# Eco-complete Substrate



## kastoner (Apr 21, 2008)

I have just ordered 3 bags of eco-complete substrate for my new tank. has anyone used this product? from what i"ve read it appears that it will be a good choice for my tank but I've never used anything but gravel and plastic plants before.


----------



## Bert H (Mar 2, 2004)

Eco is a fine product. It does tend to raise the kh of your tank for the first couple of months, so don't be surprised with that.


----------



## helgymatt (Sep 12, 2007)

Wonderful substrate. You will be very happy. I have it in both my 55 and 29 and along with good light, co2, and ferts my plans grow great!


----------



## kastoner (Apr 21, 2008)

I used a substrate calculator that I found in one of the threads and found that I didn't purchase enough and had to buy more. This can get pricey in a hurry. I hope I like the black substrate. It looks really good in books.


----------



## monkeyruler90 (Feb 27, 2008)

its really great when you're planting, it keeps the plants nice and tight. the only problem that i encountered with it was that i didn't get enough.
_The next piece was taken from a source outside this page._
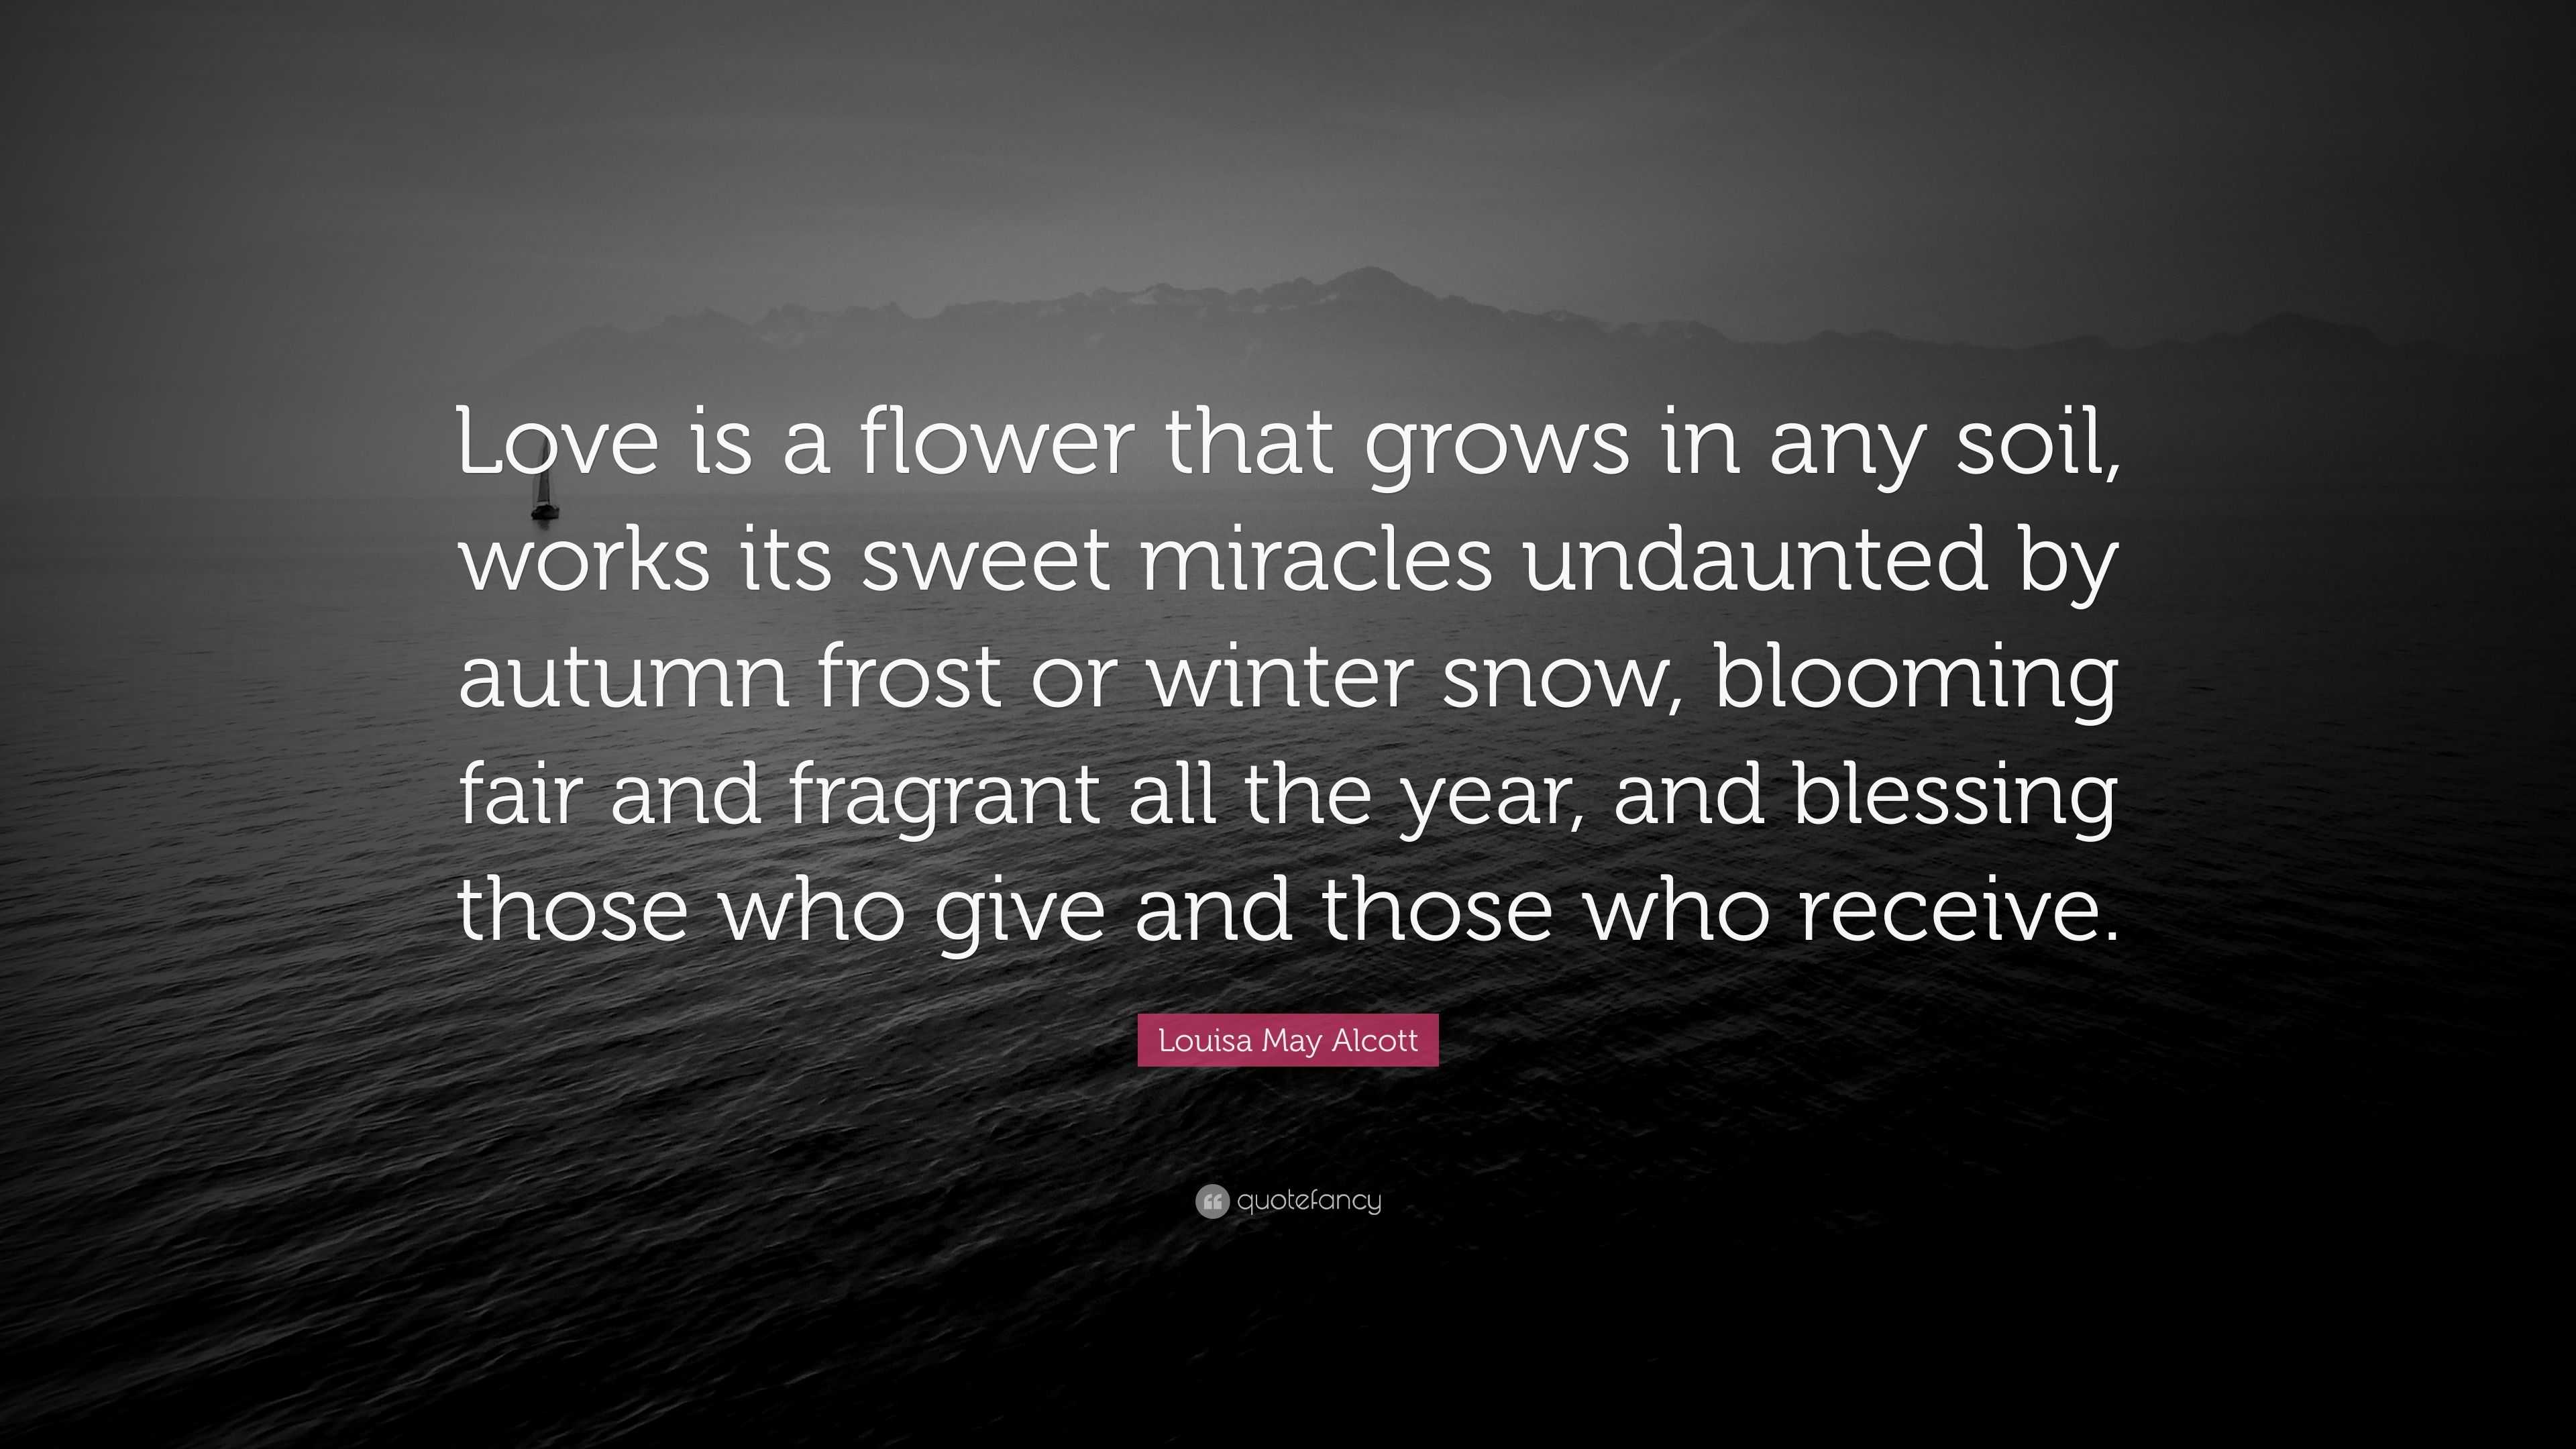 Louisa May Alcott Quote: “Love is a flower that grows in any soil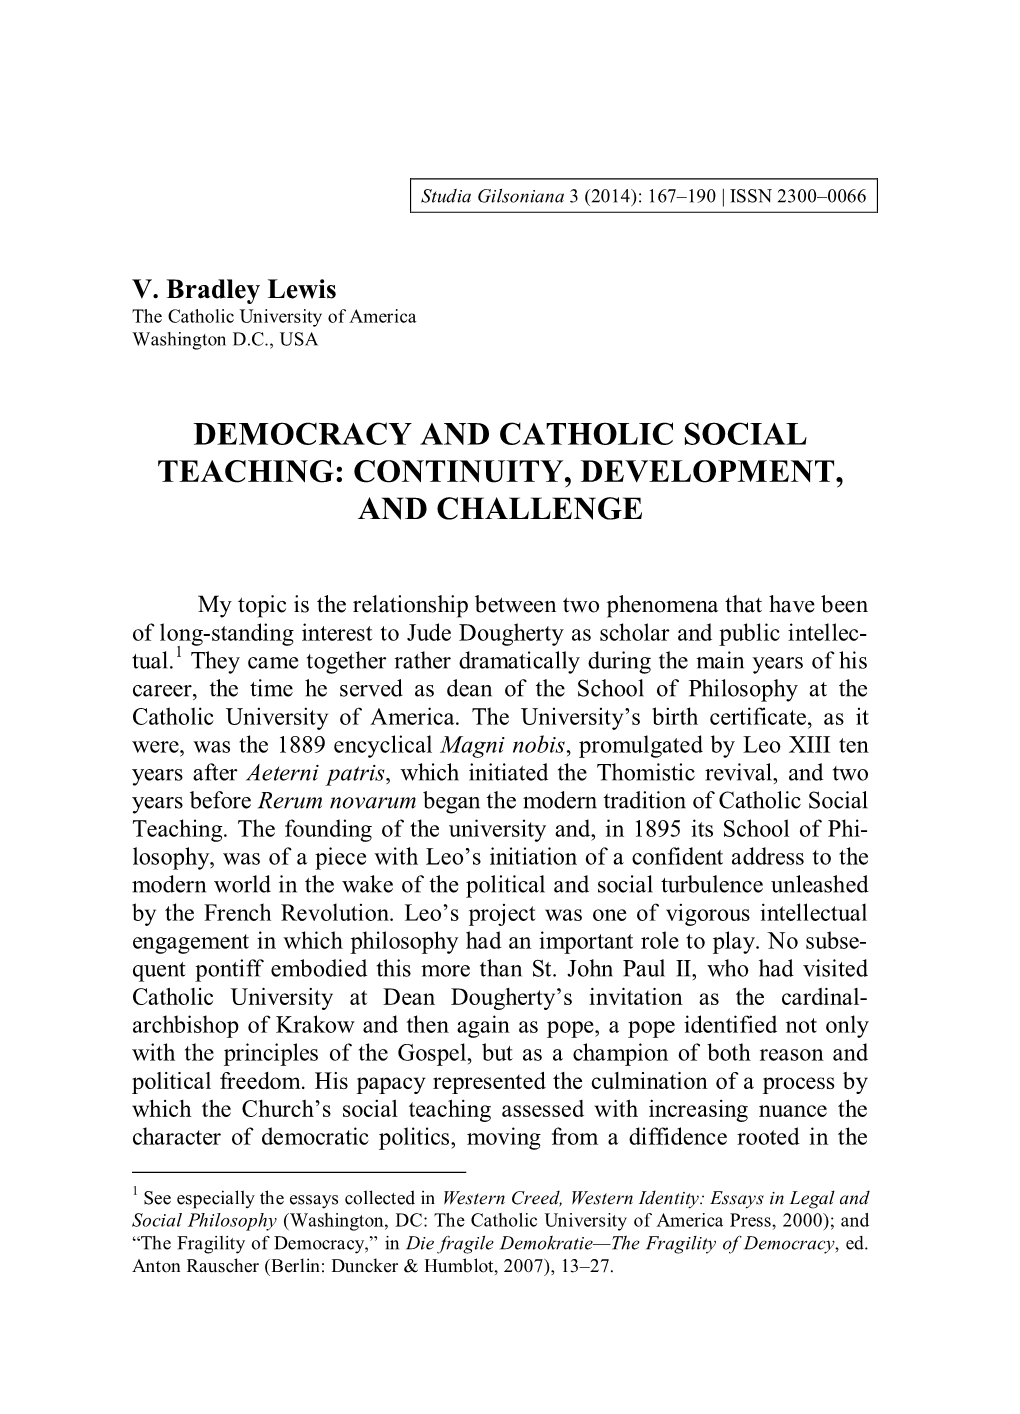 Democracy and Catholic Social Teaching: Continuity, Development, and Challenge

depending on where you live it can get a bit pricey with the shipping and not alot of places sell it locally. but good luck, its an amazing substrate and you'll be totally satisfied


----------



## matt_vasko (May 1, 2008)

It is very expensive. I have a 55 gallon tank and I've actually mixed both eco complete and regular black gravel. It seem to have settled well and gave me a little bit more depth. But I'm worried its not enough. What is the recommend depth for a planted 55 gallon tank?
Matt


----------